Fri Jun 29, 2012 1:00pm EDT

* Lending in the doldrums as companies shun debt

* Second quarter busier but first half down overall

* Leveraged loans feel the impact of eurozone crisis

By Tessa Walsh

LONDON, June 29 (Reuters) - Syndicated lending in Europe, the Middle East and Africa (EMEA) slumped 34 percent to $343 billion in the first six months of 2012 to 2003 levels as eurozone turbulence put companies off borrowing, Thomson Reuters LPC data shows.

Loan volume and deal flow have been crushed as deleveraging banks moved to increase tier 1 capital ratios under pressure from regulators and companies have been deterred by weak debt markets as the eurozone crisis intensified.

Falling dealflow raised fears of overstaffing and possible headcount reduction as income remains under pressure. Only 519 deals were completed in the first six months, 32 percent lower than the same period of 2011.

Although second quarter volume of $187 billion was 20 percent higher than $155 billion in the first quarter, it is still 34 percent lower than the second quarter of 2011.

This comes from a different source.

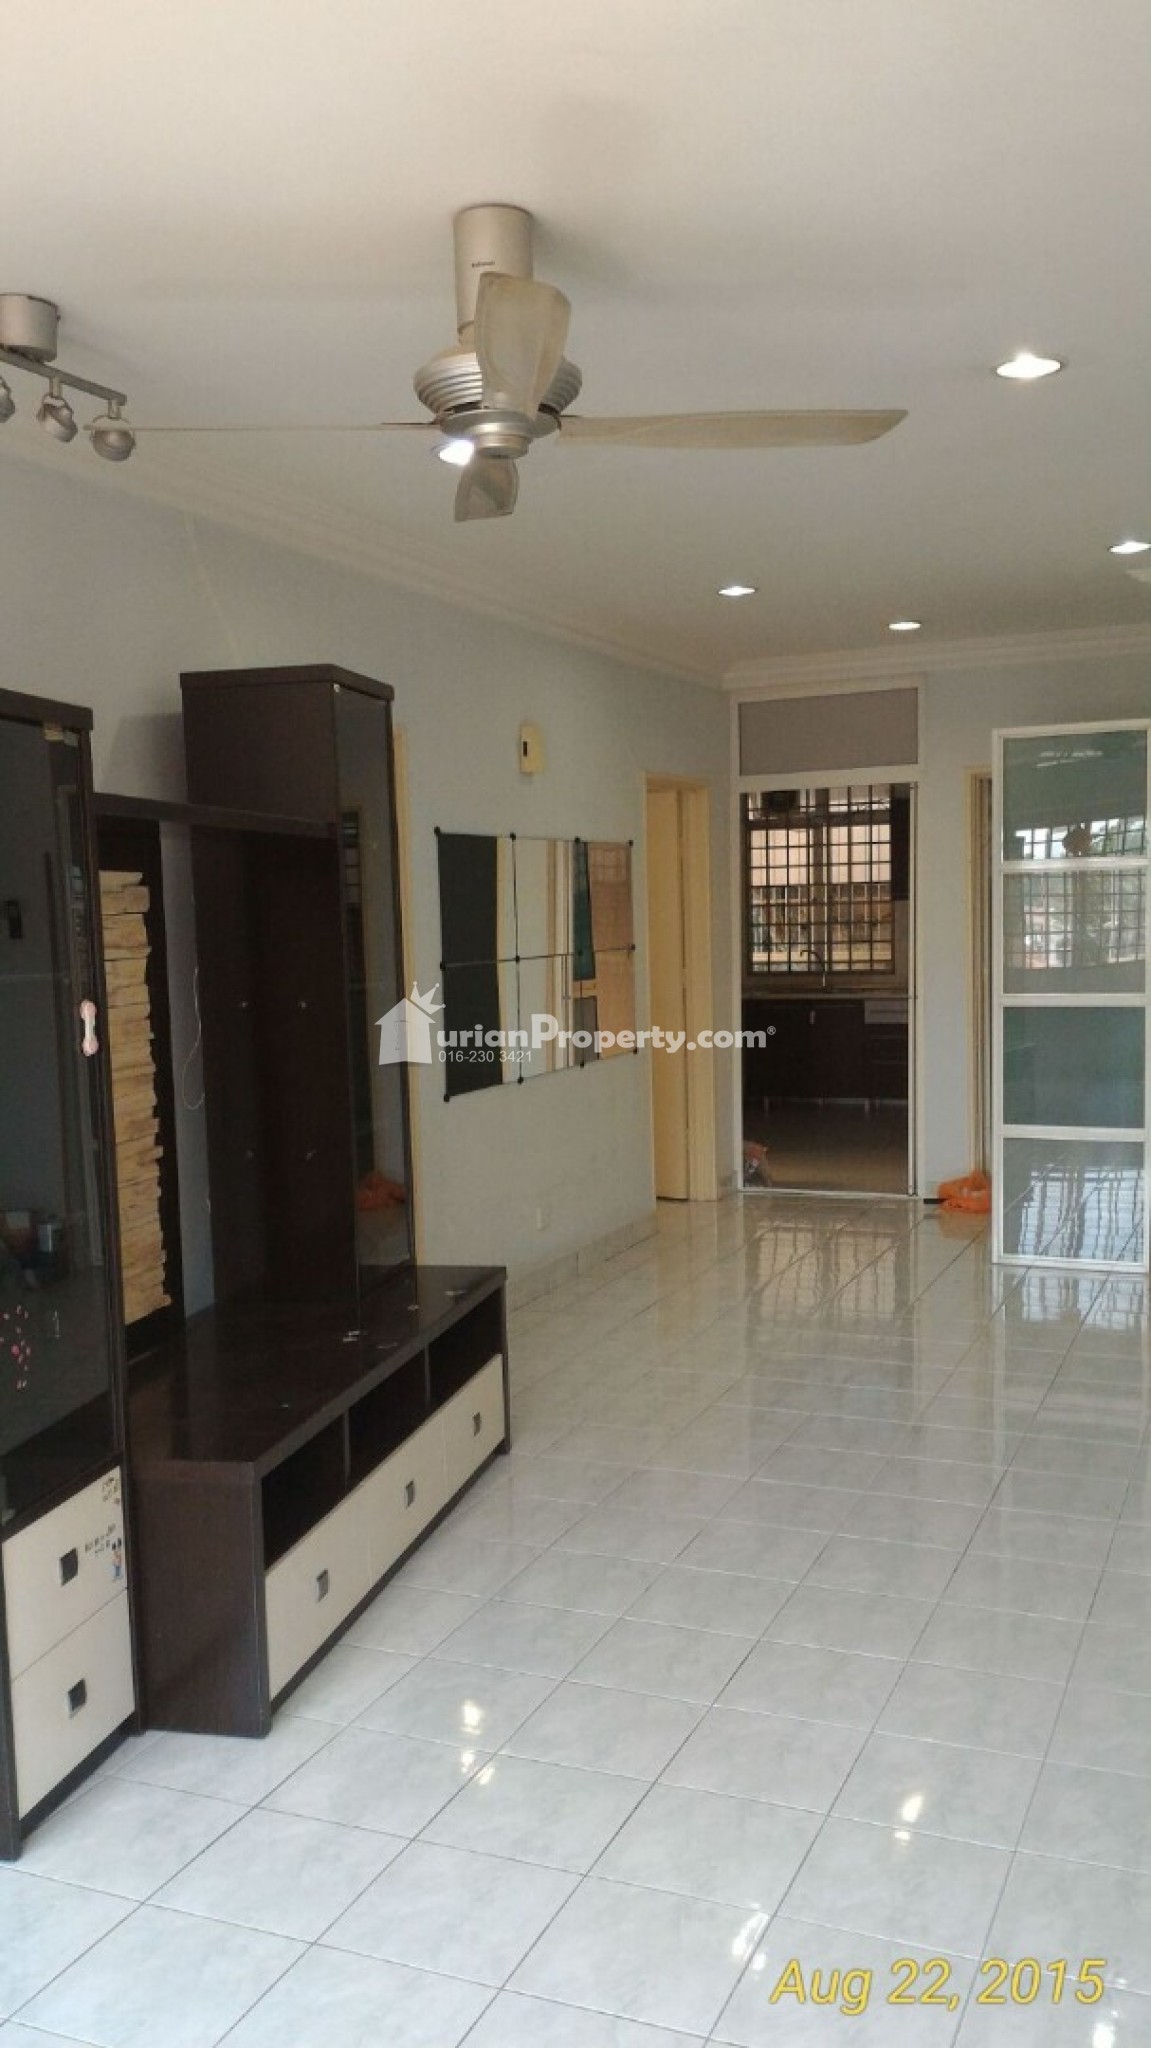 Apartment For Sale at Taman Lagenda Mas

Lending rose across the region in the second quarter in all areas other than the Middle East. The biggest pick up in activity was seen in Central and Eastern Europe.

Banks had money to lend to key clients, but the main issue facing the market was the lack of activity as companies remained wary of new loans and mergers and acquisitions (M&A) activity remained depressed in volatile markets.

"The second quarter was disappointing because of the lack of deals and activity and low levels of M&A," Kristian Orssten, managing director and head of JP Morgan's European loan and high-yield capital markets group said.

Despite a dramatic macroeconomic backdrop as Spain's banking sector sought a bailout before the Greek elections in late June and ratings agencies' mass bank downgrades, the loan market remained open for business.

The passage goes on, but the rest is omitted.